Employment Law/Restrictive Covenants

By Alfred Kempf
Categories: Blog, Employment Law

A recent case in BC illustrates the danger of employers using restrictive covenants that are too broad. A restrictive covenant is a clause that prohibits an employee from competing with the company after termination of the employment, usually for a specified period of time and usually in a specified geographical area.

There is a different type of protection available in the form of a non-solicitation covenant. Non-solicitation covenants prevent an employee from targeting other employees of the company or customers to try and induce those employees or customers to leave the former employer to do business with the departed employee’s new employer or business.

The courts have said that clauses that provide more protection than necessary to protect former employers’ genuine business interests are generally not enforceable. It is the employer’s obligation in these cases to prove that the clause is no broader than is necessary. In a recent case, 0777792 BC Limited v. Da Costa, the employer tried to obtain an interim injunction restraining a former employee from competing with the company.

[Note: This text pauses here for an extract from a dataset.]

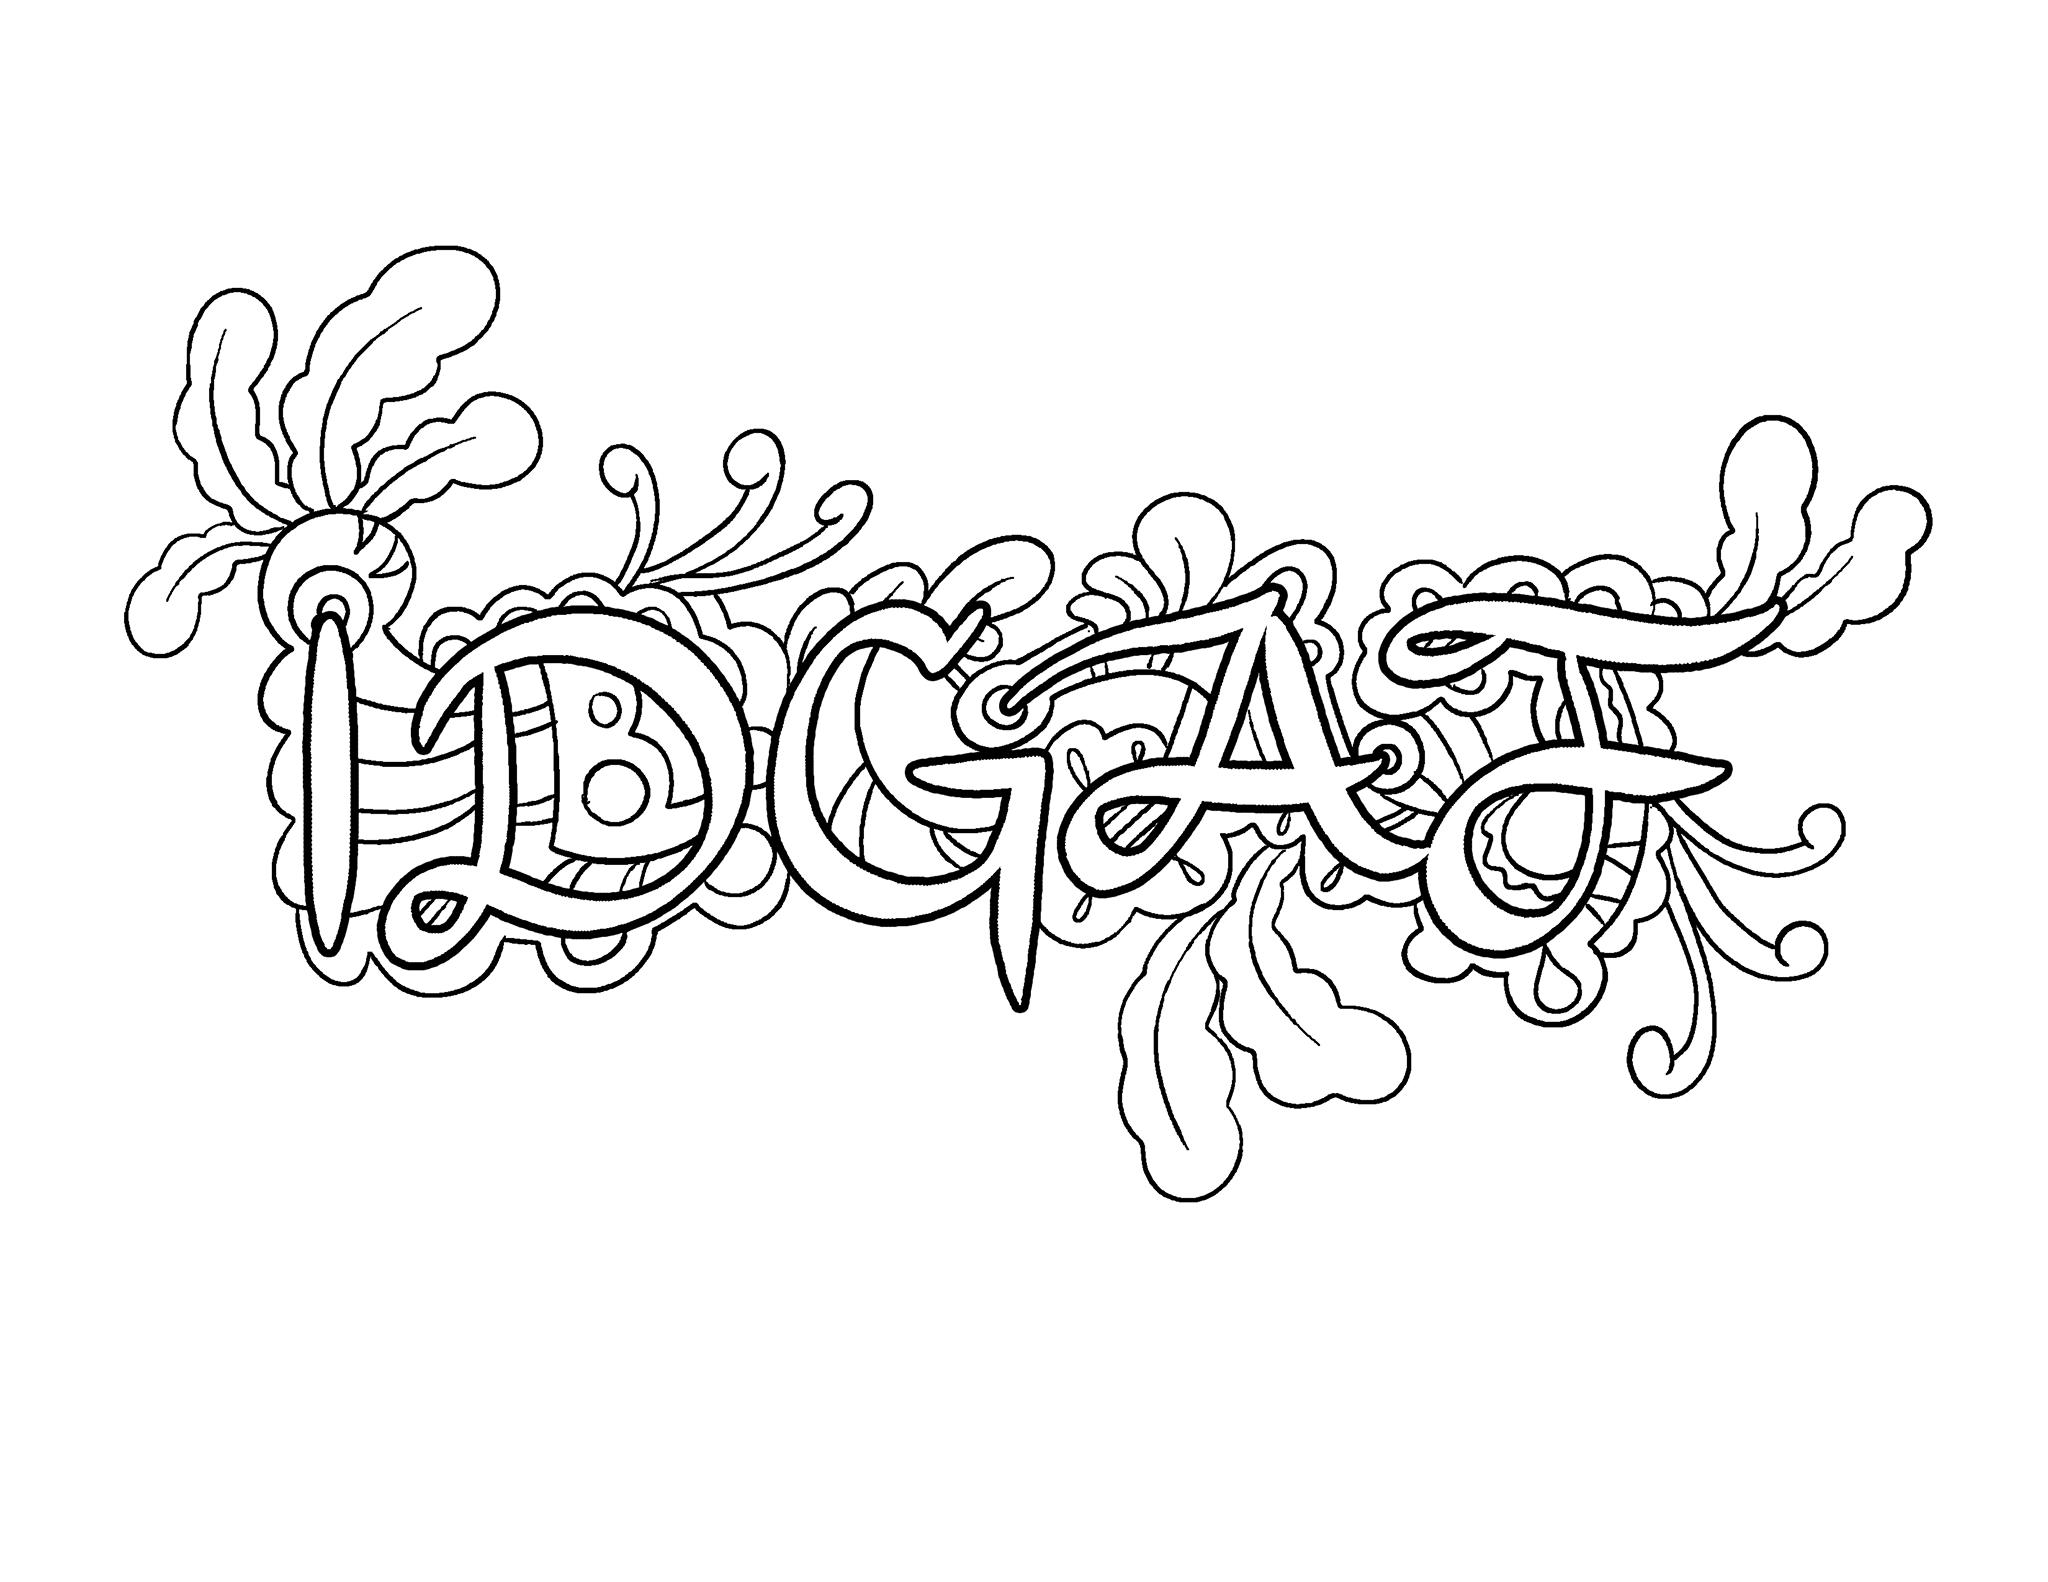 2048x1582 Idgaf Coloring Page

The restrictive covenant in this case was drafted to prohibit the former employee from competing with respect to all services the company was engaged in, including services that he was not engaged with. Further, the covenant had no geographic restriction. In other words, on the plain language of the clause, it applied throughout the world. The employer argued that, practically speaking, the clause only applied to the Lower Mainland where the employer carried out its business, however, the court disagreed and said that if the employer’s business was indeed restricted to the Lower Mainland the clause should have so provided. The court further pointed out that the former employee was not a manager but was a technician. Finally, the court indicated that a non-solicitation clause would have been sufficient to protect the company’s interest. The Court stated: “when a non-solicitation clause could have substituted for a non-competition clause in an employment agreement, the non-competition clause will generally be unenforceable”.

The lesson for employers who have a legitimate interest in restraining the ability of departing employees to compete is to ensure that their clauses are no broader than reasonably necessary to protect their business interests.